> _What to do_
Please restate exactly the lines from the one holding "Wiley Interpretation and" to the end of the material, including both ends and excluding every picture.

> _Source material_
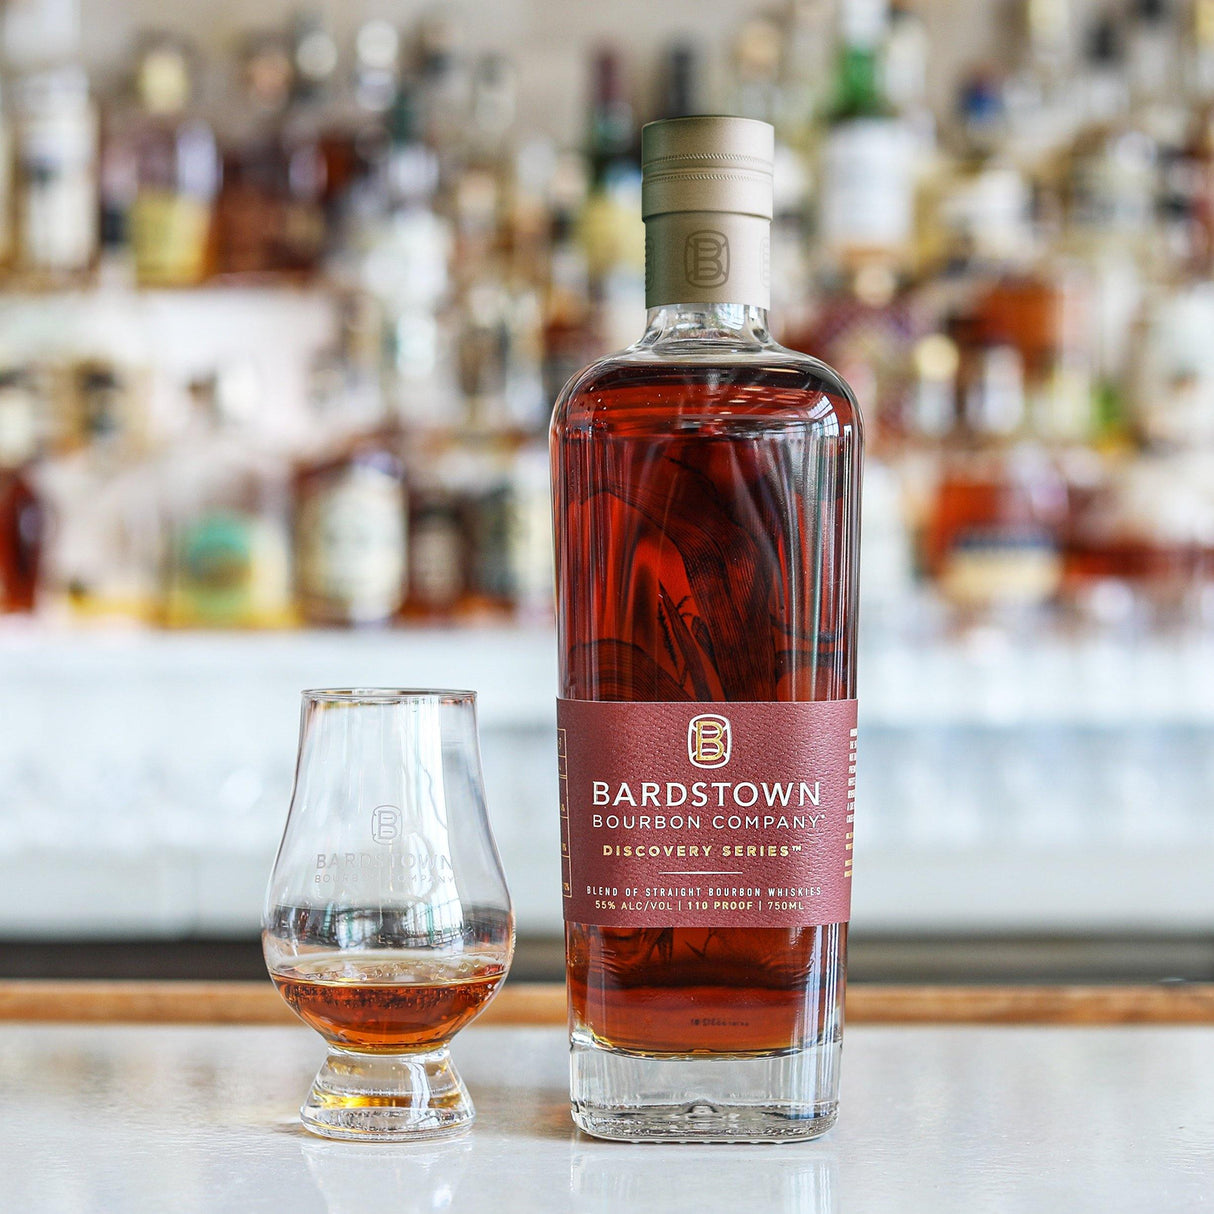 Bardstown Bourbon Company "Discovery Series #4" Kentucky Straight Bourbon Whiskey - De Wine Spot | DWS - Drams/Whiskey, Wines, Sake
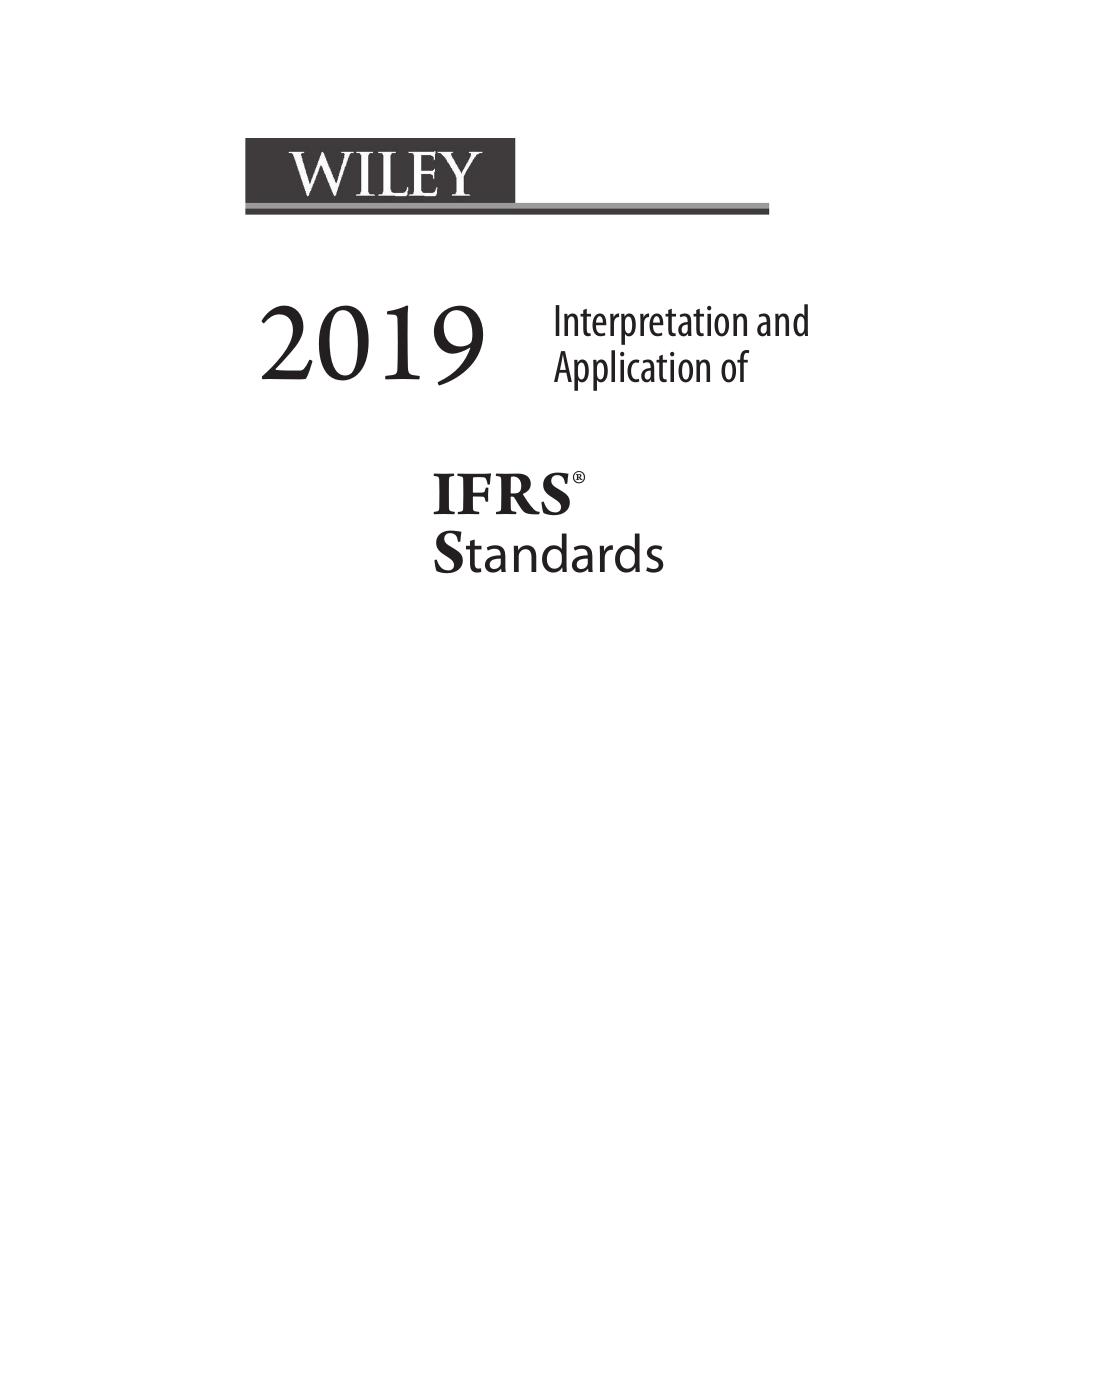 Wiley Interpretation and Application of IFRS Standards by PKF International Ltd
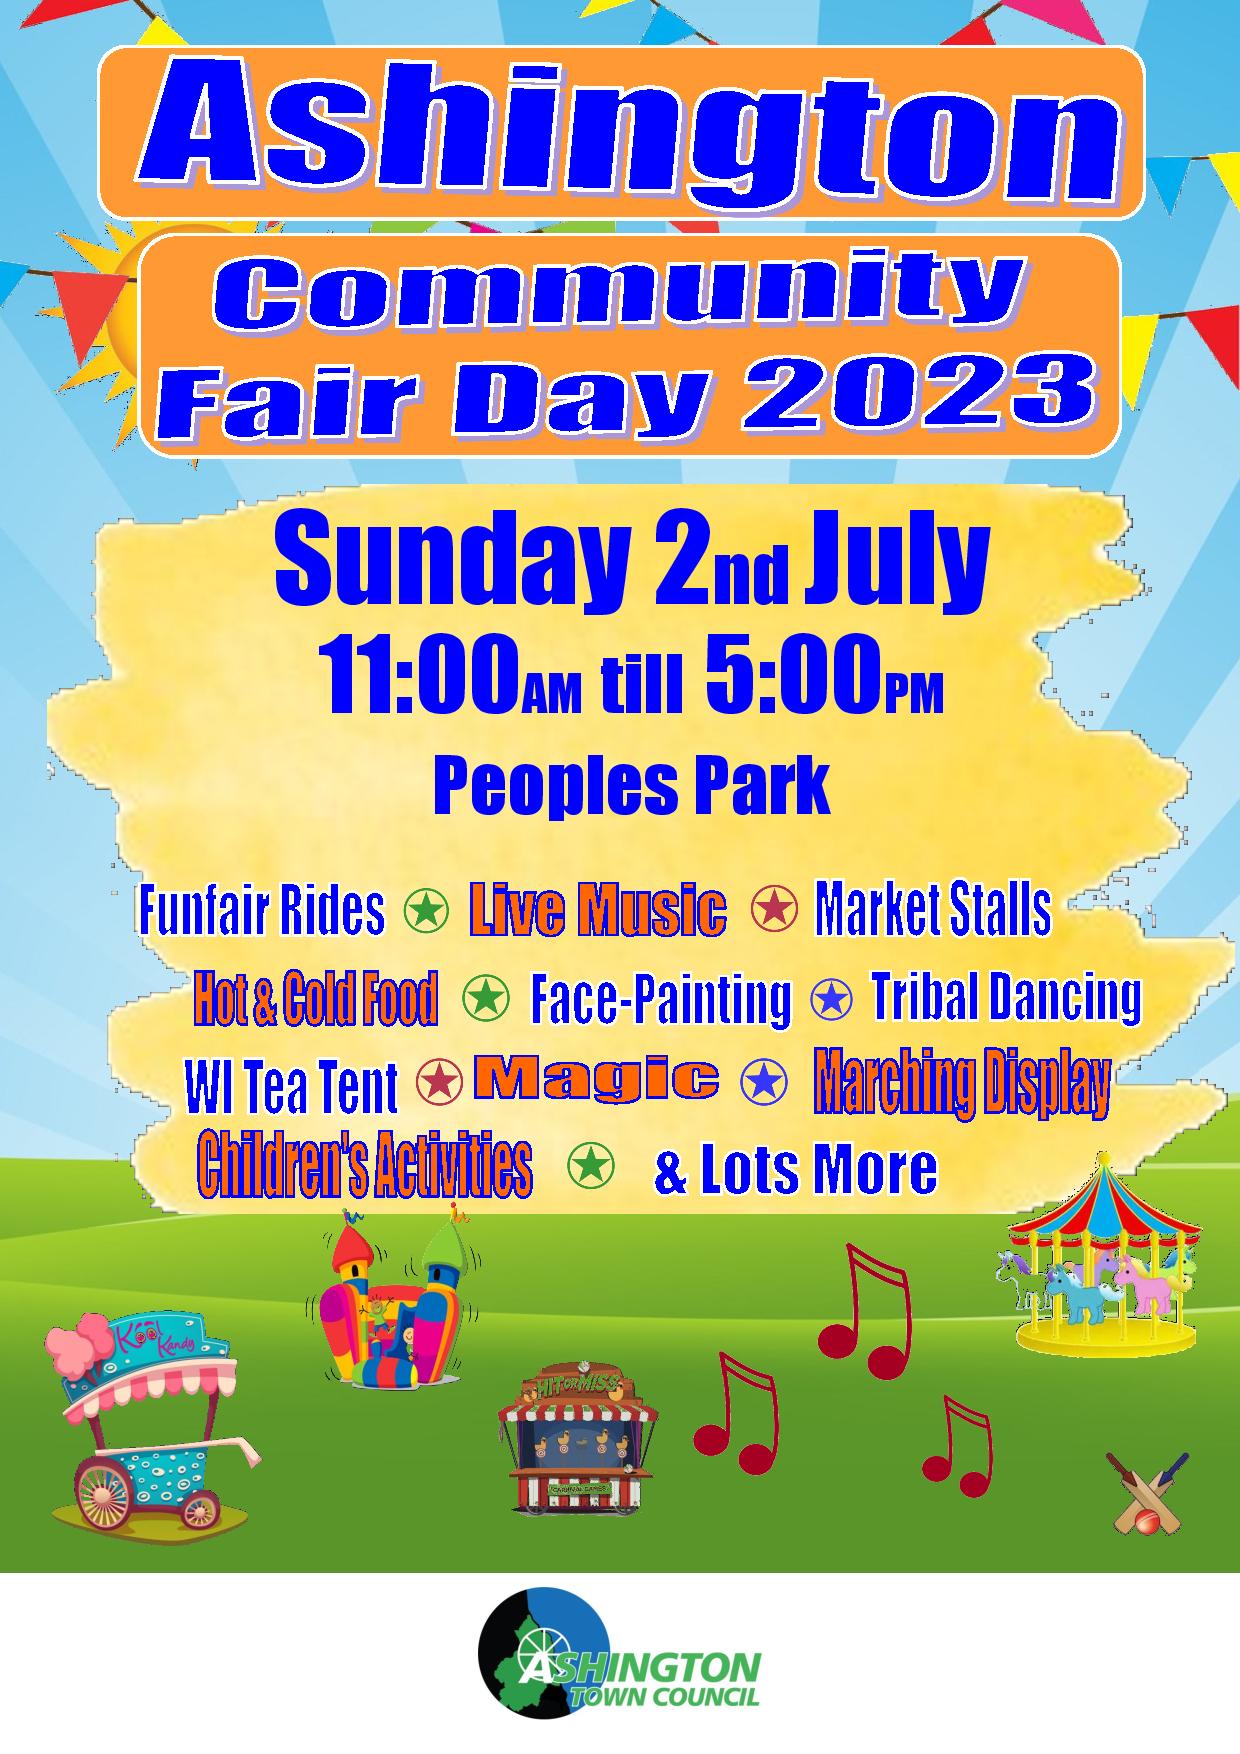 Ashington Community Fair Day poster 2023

> _Result_
 Wiley Interpretation and Application of IFRS Standards by PKF International Ltd
 Ashington Community Fair Day poster 2023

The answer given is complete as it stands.